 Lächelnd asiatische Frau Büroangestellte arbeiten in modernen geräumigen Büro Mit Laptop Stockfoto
+--
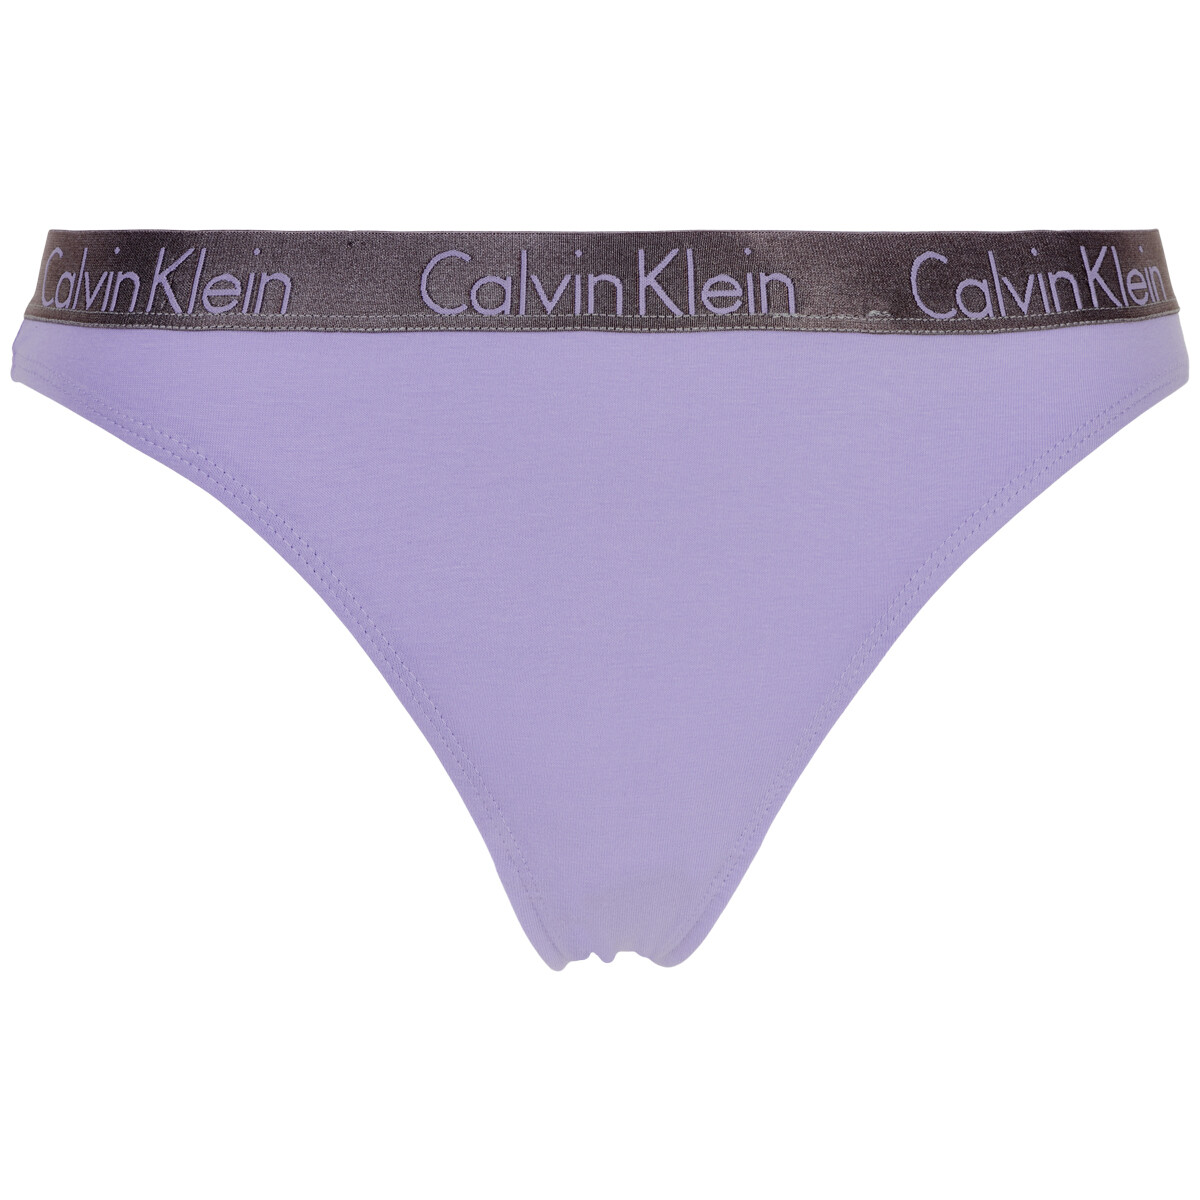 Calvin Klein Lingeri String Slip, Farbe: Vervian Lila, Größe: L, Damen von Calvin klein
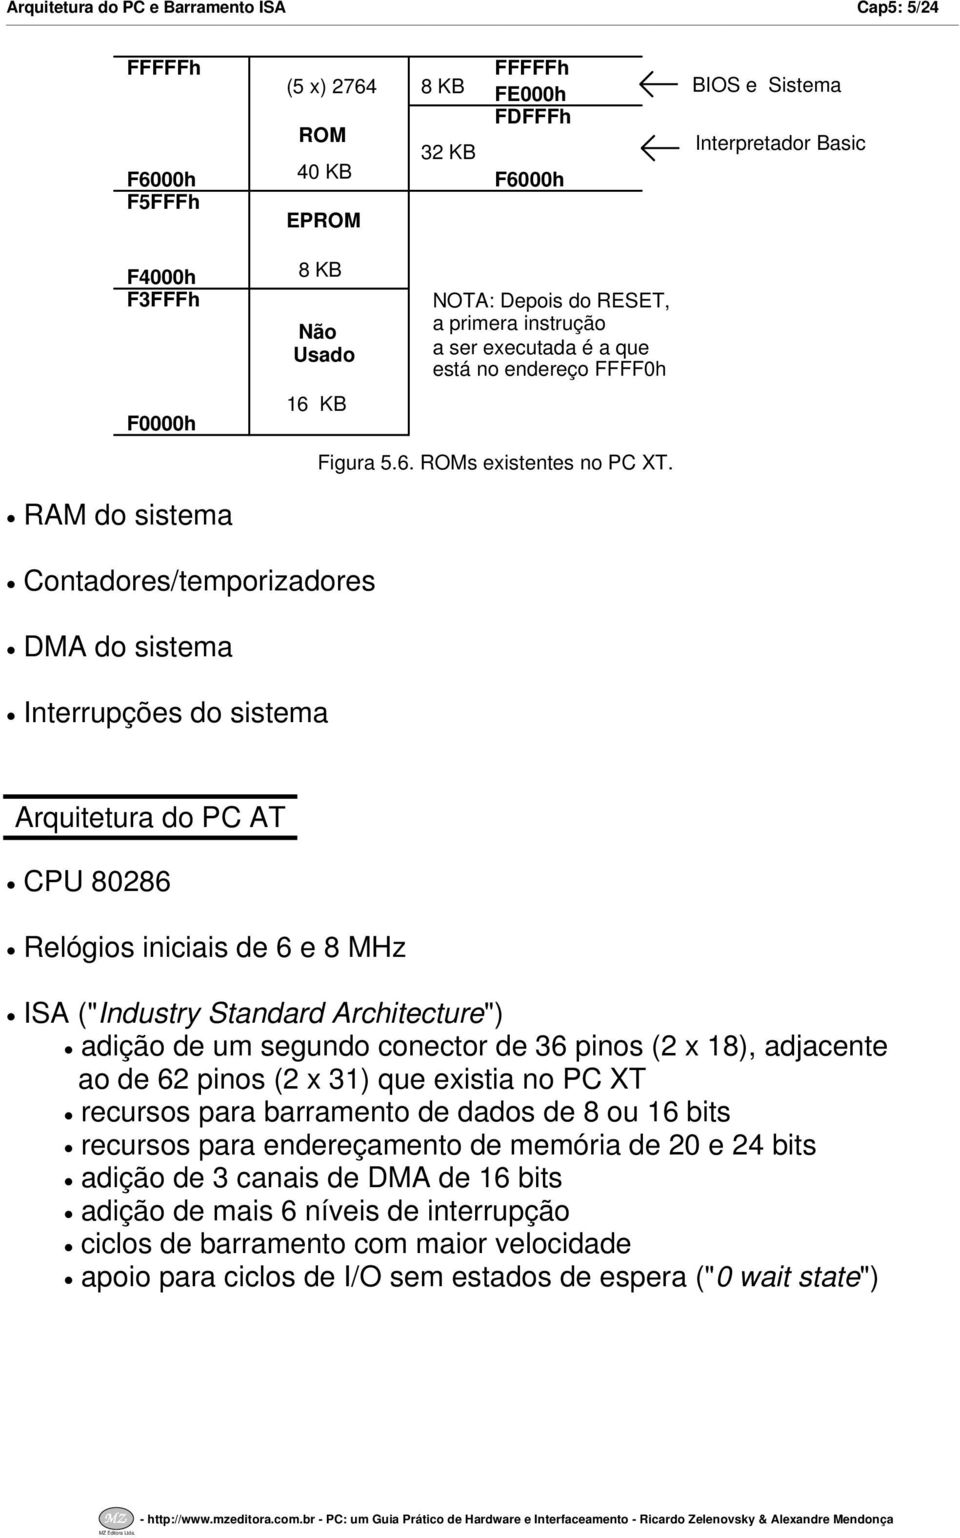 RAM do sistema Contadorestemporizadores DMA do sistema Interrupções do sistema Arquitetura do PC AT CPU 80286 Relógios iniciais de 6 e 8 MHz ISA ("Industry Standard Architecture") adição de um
+--
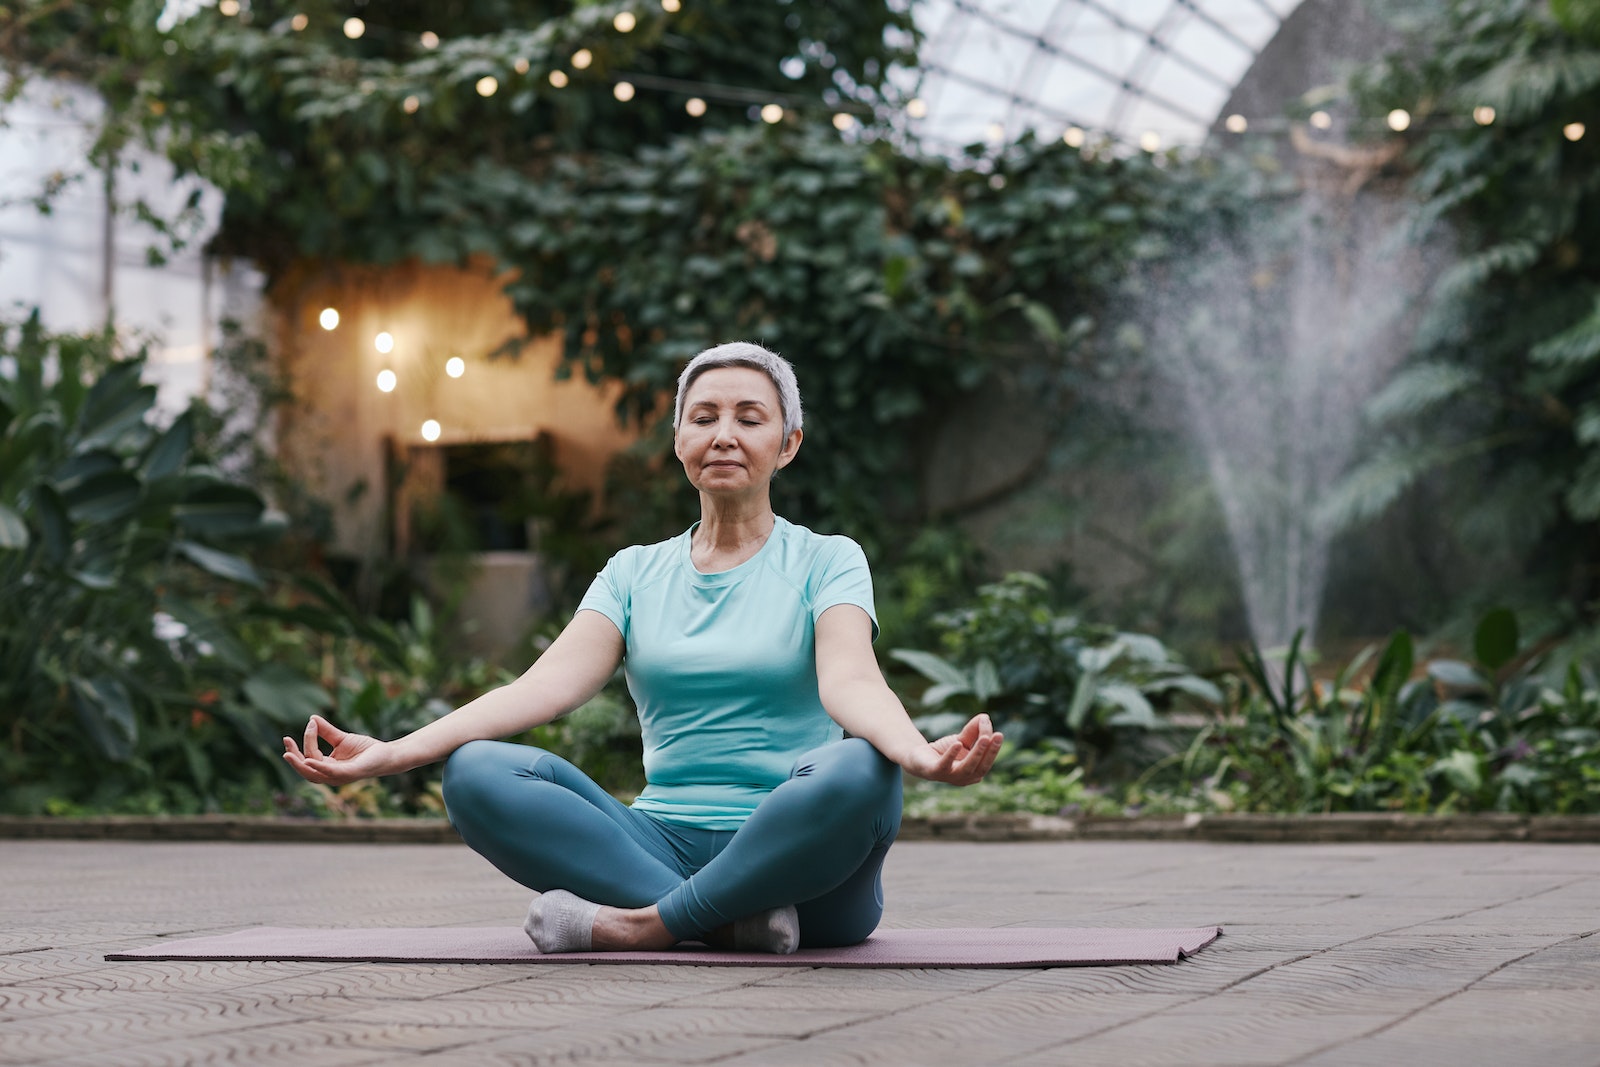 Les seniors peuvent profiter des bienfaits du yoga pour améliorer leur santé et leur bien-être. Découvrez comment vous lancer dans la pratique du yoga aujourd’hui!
+--
Copy exactly the part of the material above that opens with the line containing "Calvin Klein Lingeri" and closes with the line containing "RAM do sistema", ends included. Drop the images.

* Written solution:
 Calvin Klein Lingeri String Slip, Farbe: Vervian Lila, Größe: L, Damen von Calvin klein
 RAM do sistema Contadorestemporizadores DMA do sistema Interrupções do sistema Arquitetura do PC AT CPU 80286 Relógios iniciais de 6 e 8 MHz ISA ("Industry Standard Architecture") adição de um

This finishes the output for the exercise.